Climate change tipping points are reached when certain effects of global warming, such as the irreversible loss of ice sheets or forests, become uncontrollable. In the past, significant heating of 5 degrees Celsius was assumed to be required to reach tipping thresholds, but new research reveals that this could happen at temperatures between 1 and 2 degrees Celsius.

With Greenhouse Gases (GHG) still on the rise, it is increasingly likely that we could be heading towards lasting and irreversible changes in terms of climate on the planetary scale.

According to a dire warning from experts, the globe may have already crossed a series of climatic tipping points.

A concrete tipping point: The risk of an AMOC dysregulation

A new study released on the 5th of August 2021 has found that currents known as the Atlantic meridional overturning circulation (AMOC) showed “an almost total loss of stability over the previous century,”.

The AMOC (Atlantic meridional overturning circulation) is the Atlantic Ocean's zonally integrated component of surface and deep currents. The ocean currents circulation is characterized by a northward flow of warm, salty water in the top layers of the Atlantic and a southbound movement of colder, deep waters.

A dysregulation of the AMOC would have devastating global effects, potentially interrupting the rains that billions of people rely on for food in India, South America, and West Africa; intensifying storms and decreasing temperatures in Europe; and raising sea levels off the east coast of North America. It would also potentially severely impact countries beyond the Atlantic already vulnerable to heavy storms and sea rising such as Indonesia and other countries in Oceania. It would also have important implications for marine ecosystems as nutrient-rich water from the arctic won't be brought up to swallower depths thus fuelling trophic links.

It is still uncertain as to when would the tipping point could be crossed. However, there is an urgent need to act in order to reduce our GHG production. It is also becoming clearer by the day that there is a real need to encourage preparedness and resilience building across countries that would be the most heavily impacted by such an event.
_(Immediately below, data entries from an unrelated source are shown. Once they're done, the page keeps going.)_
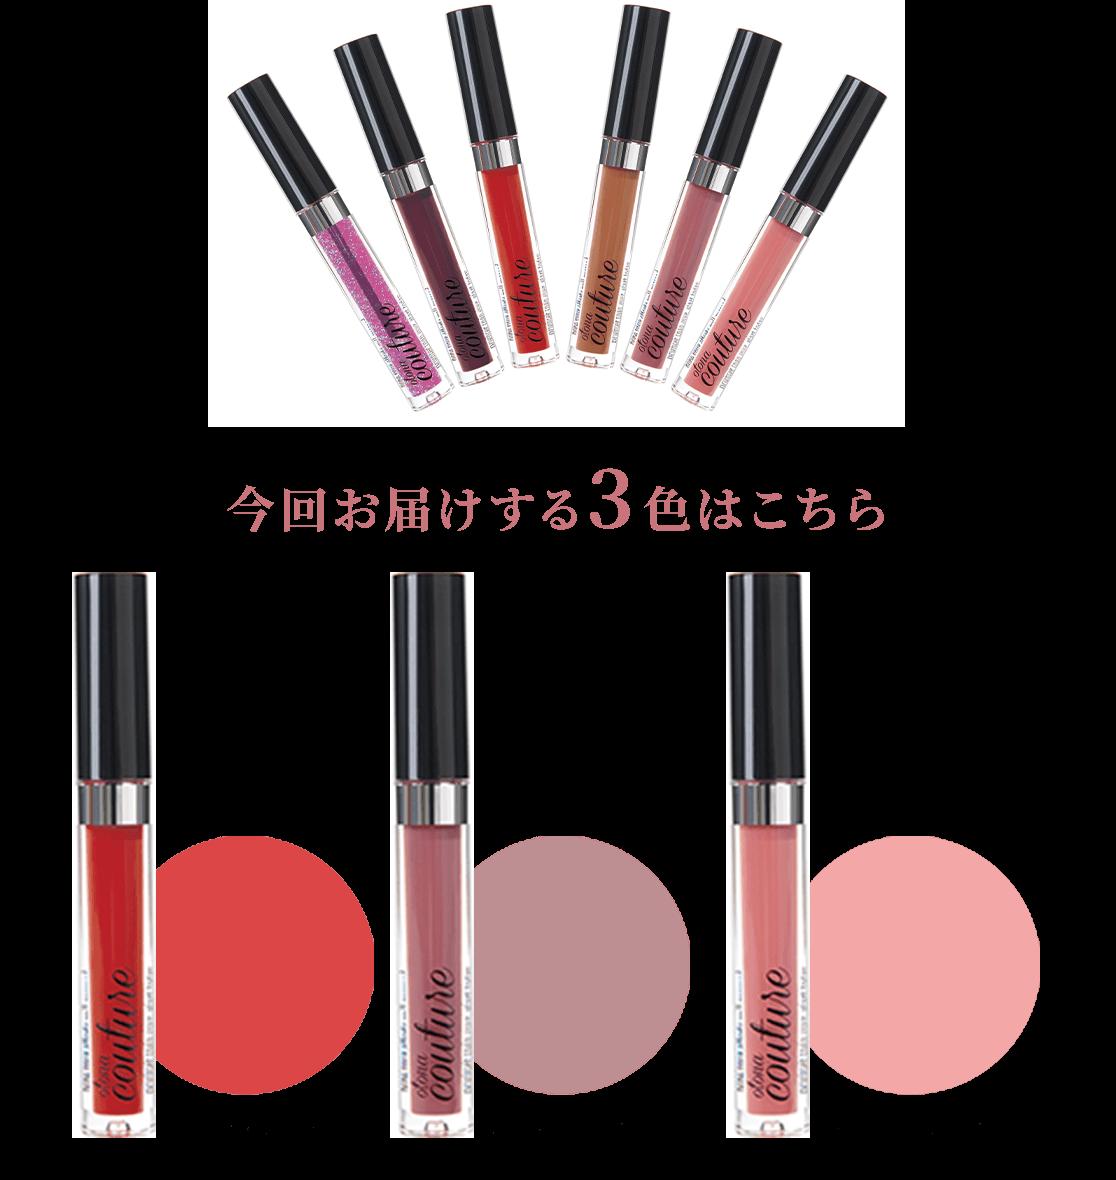 Lip Plamper リッププランパー 今回お届けする3色はこちら 10 エナメルレッド 20 ヌードピンク 30 コーラルピンク 商品イメージ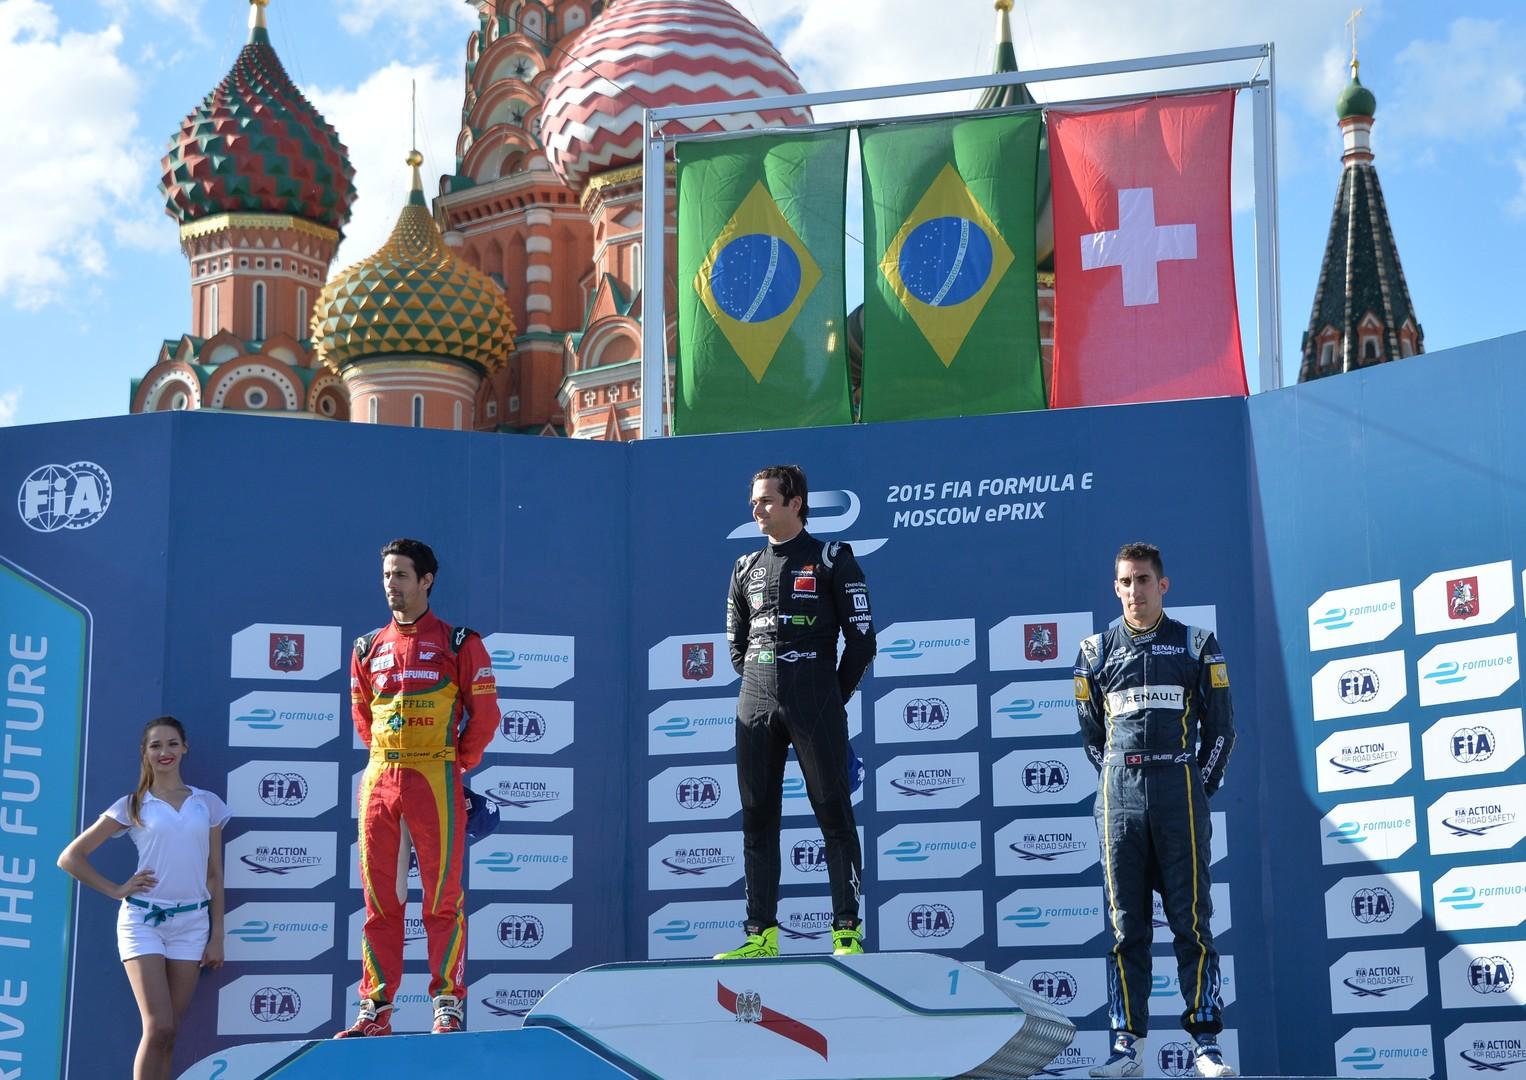 Les gagnants du Grand Prix de Moscou de Formule E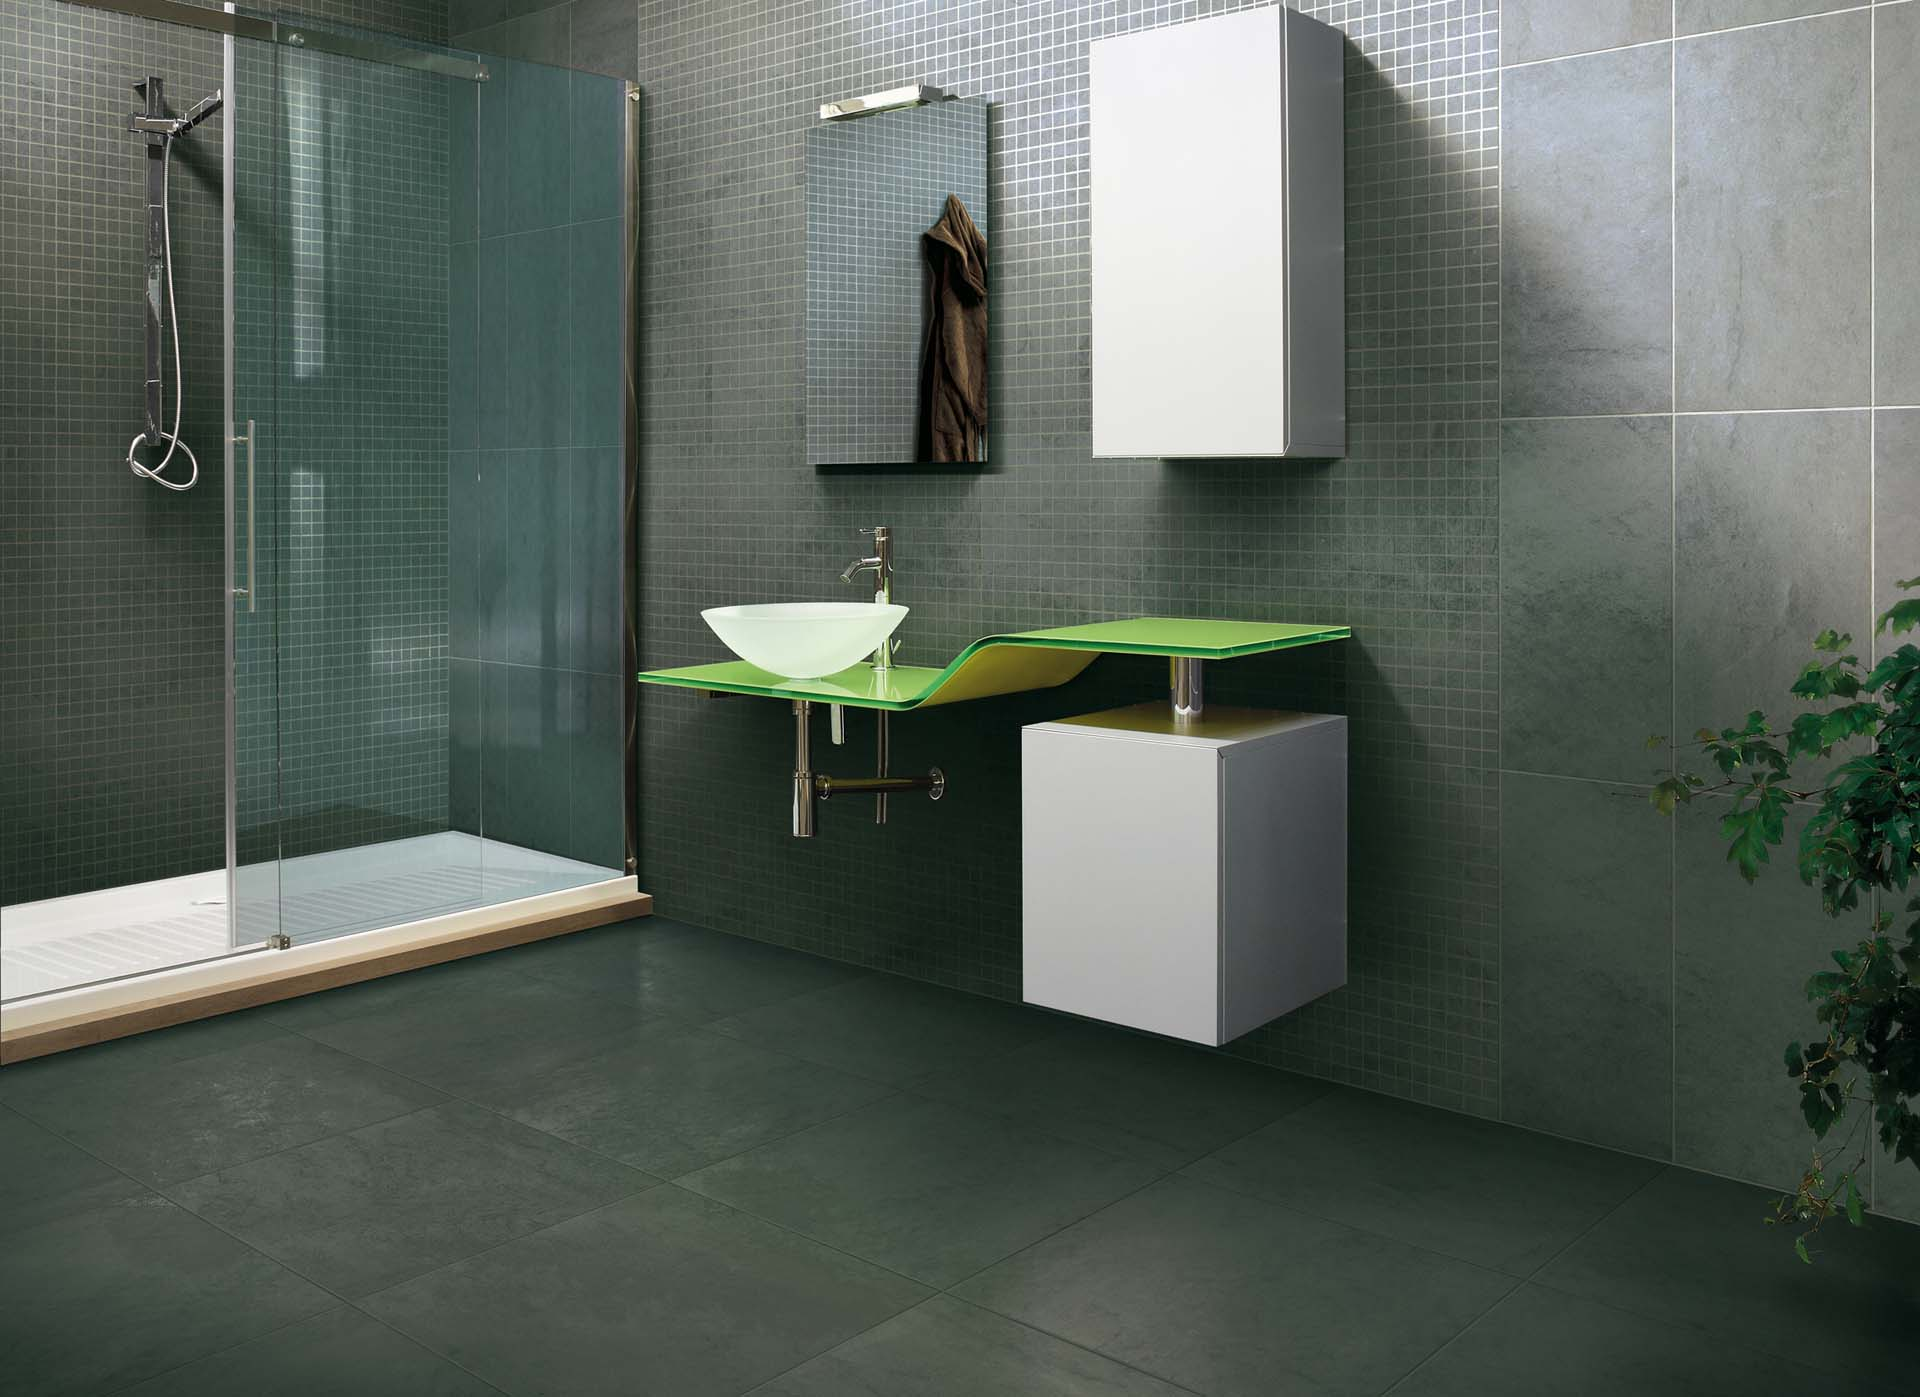 Badkamer betegelen uw douche laten tegelen van doesburg - Betegelen van natuurstenen badkamer ...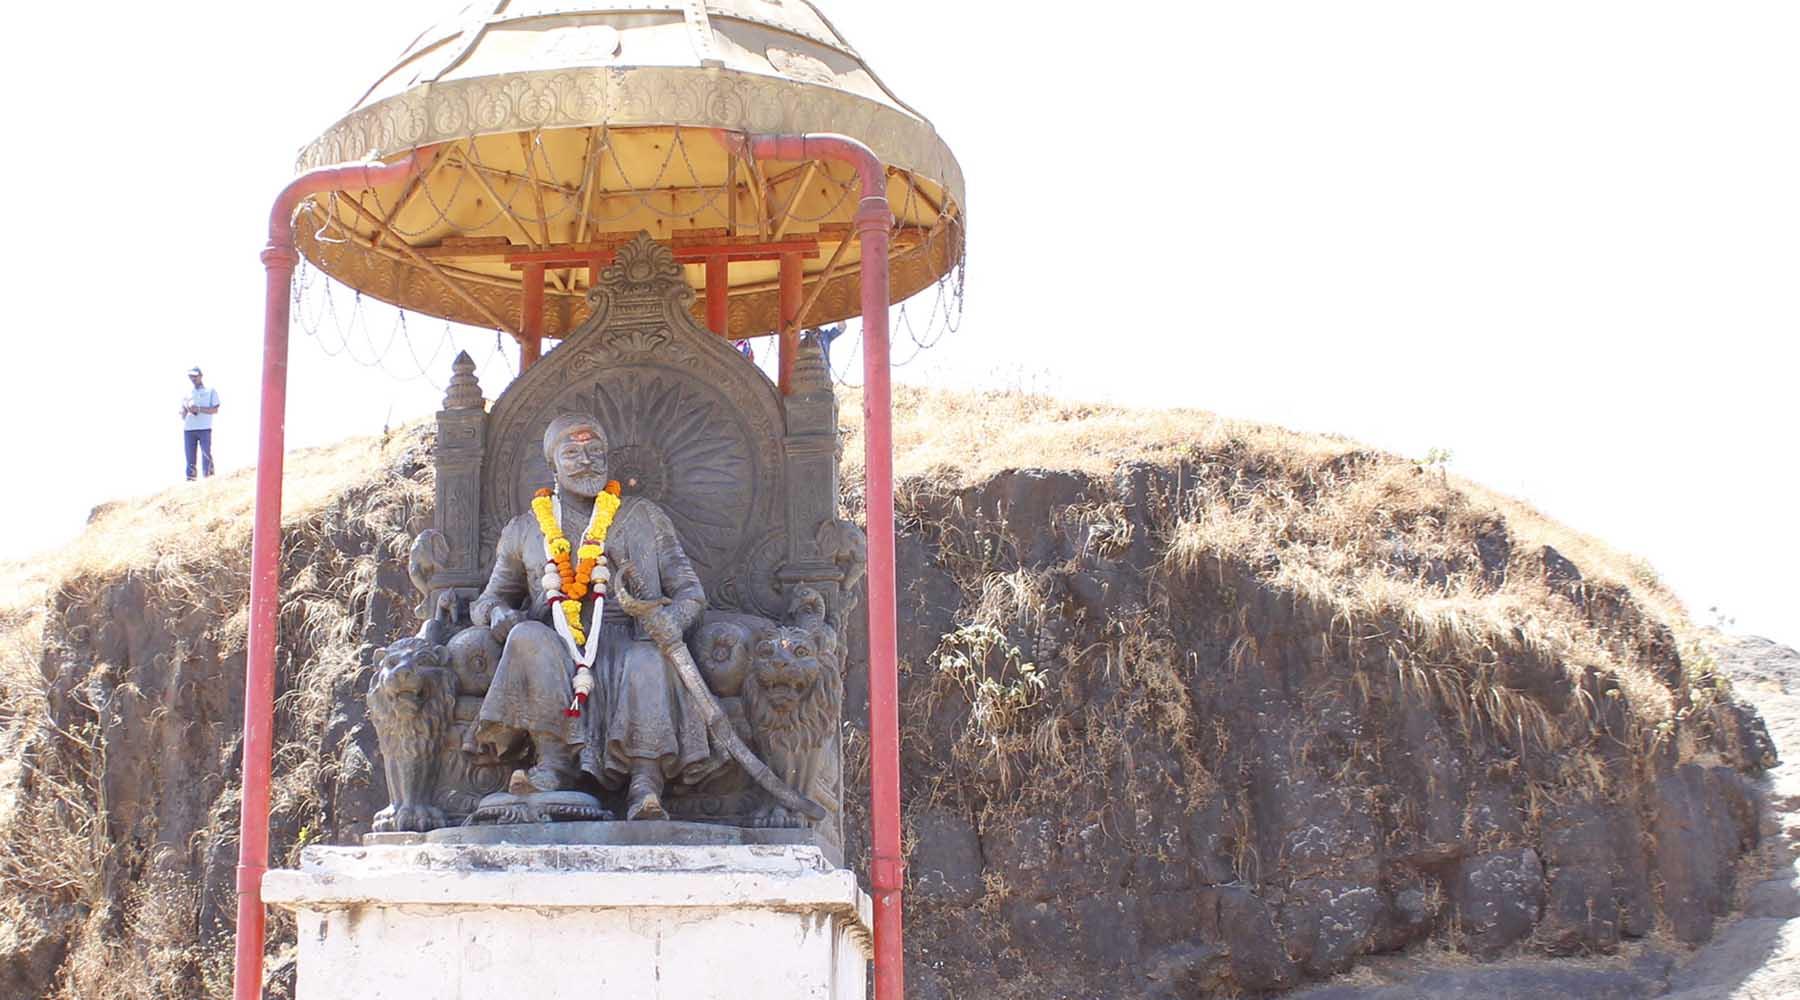 महाराष्ट्राचे आराध्य दैवत! छत्रपती शिवाजी महाराज यांचाबद्दल माहिती निबंध भाषण लेख मराठी मध्ये

Key projects in the Atlantic such as the Life’Adapt Island project are already dealing with the first outcomes of this evolutive dysregulation. The project acts to protect, sustainably manage, and restore natural or modified ecosystems to directly address societal challenges and environment challenges in an effective and adaptive manner, while ensuring human well-being and producing benefits for biodiversity.

Projects such as Climate Resilient and Inclusive Cities proposing a long lasting and unique cooperation between cities and research centres in Europe, Indonesia and other countries from South East Asia are a real asset in supporting resilience building in vulnerable countries.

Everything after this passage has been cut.